A few other problems come to mind. The last time I planted a cover crop, the clover provided a perfect habitat in early spring for bugs, bugs that I had to kill with an insecticide. We do not normally apply insecticides, but we did that year. Of course, you can provide nitrogen with legumes by using a longer crop rotation, growing clover one year and corn the next. But that uses twice as much water to produce a corn crop, and takes twice as much land to produce the same number of bushels. We are producing twice the food we did in 1960 on less land, and commercial nitrogen is one of the main reasons why. It may be that we decide we would rather spend land and water than energy, but Pollan never mentions that we are faced with that choice.

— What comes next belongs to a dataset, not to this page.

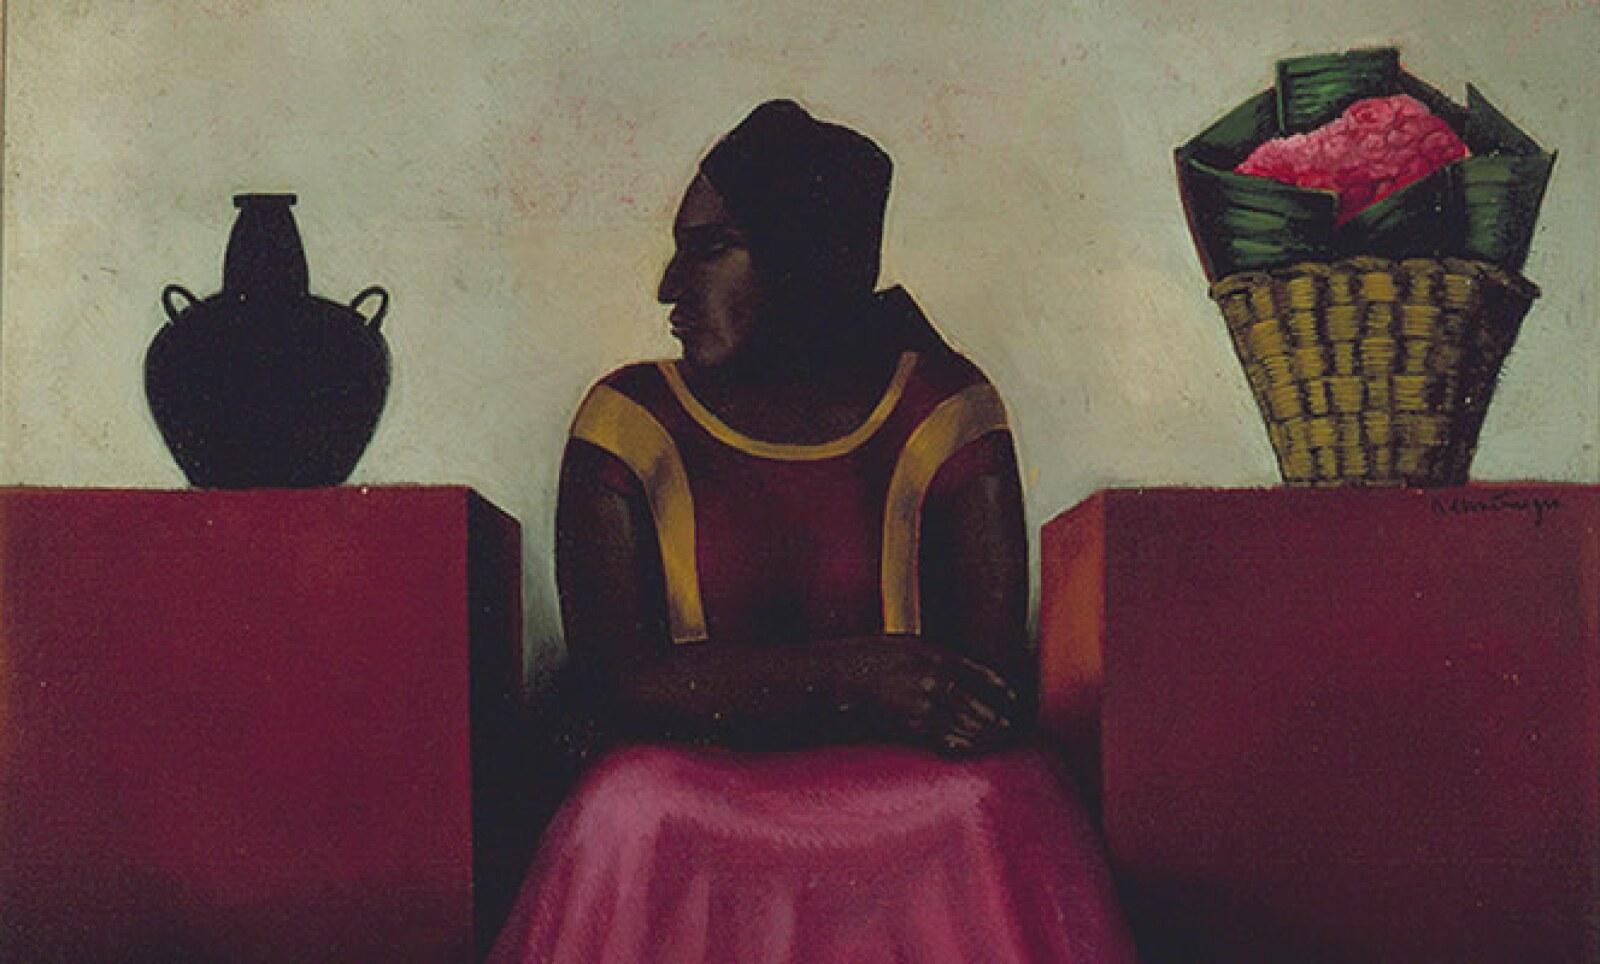 Roberto Montenegro, también perteneció a la Escuela Mexicana de Pintura, de corte ideológico. Sin embargo, la generación de los pintores en los años cincuenta rechazaba toda idea de arte social comprometido y crearon sus propias reglas.

His other grand idea is mandatory household composting, with the compost delivered to farmers free of charge. Why not? Compost is a valuable soil amendment, and if somebody else is paying to deliver it to my farm, then bring it on. But it will not do much to solve the nitrogen problem. Household compost has somewhere between 1 and 5 percent nitrogen, and not all that nitrogen is available to crops the first year. Presently, we are applying about 150 pounds of nitrogen per acre to corn, and crediting about 40 pounds per acre from the preceding years soybean crop. Let's assume a 5 percent nitrogen rate, or about 100 pounds of nitrogen per ton of compost. That would require 3,000 pounds of compost per acre. Or about 150,000 tons for the corn raised in our county. The average truck carries about 20 tons. Picture 7,500 trucks traveling from New York City to our small county here in the Midwest, delivering compost. Five million truckloads to fertilize the country's corn crop. Now, that would be a carbon footprint!
Pollan thinks farmers use commercial fertilizer because it is easier, and because it is cheap. Pollan is right. But those are perfectly defensible reasons. Nitrogen quadrupled in price over the last several years, and farmers are still using it, albeit more cautiously. We are using GPS monitors on all of our equipment to ensure that we do not use too much, and our production of corn per pound of nitrogen is rapidly increasing. On our farm, we have increased yields about 50 percent during my career, while applying about the same amount of nitrogen we did when I began farming. That fortunate trend will increase even faster with the advent of new GMO hybrids. But as much as Pollan might desire it, even President Obama cannot reshuffle the chemical deck that nature has dealt. Energy may well get much more expensive, and peak oil production may have been reached. But food production will have a claim on fossil fuels long after we have learned how to use renewables and nuclear power to handle many of our other energy needs.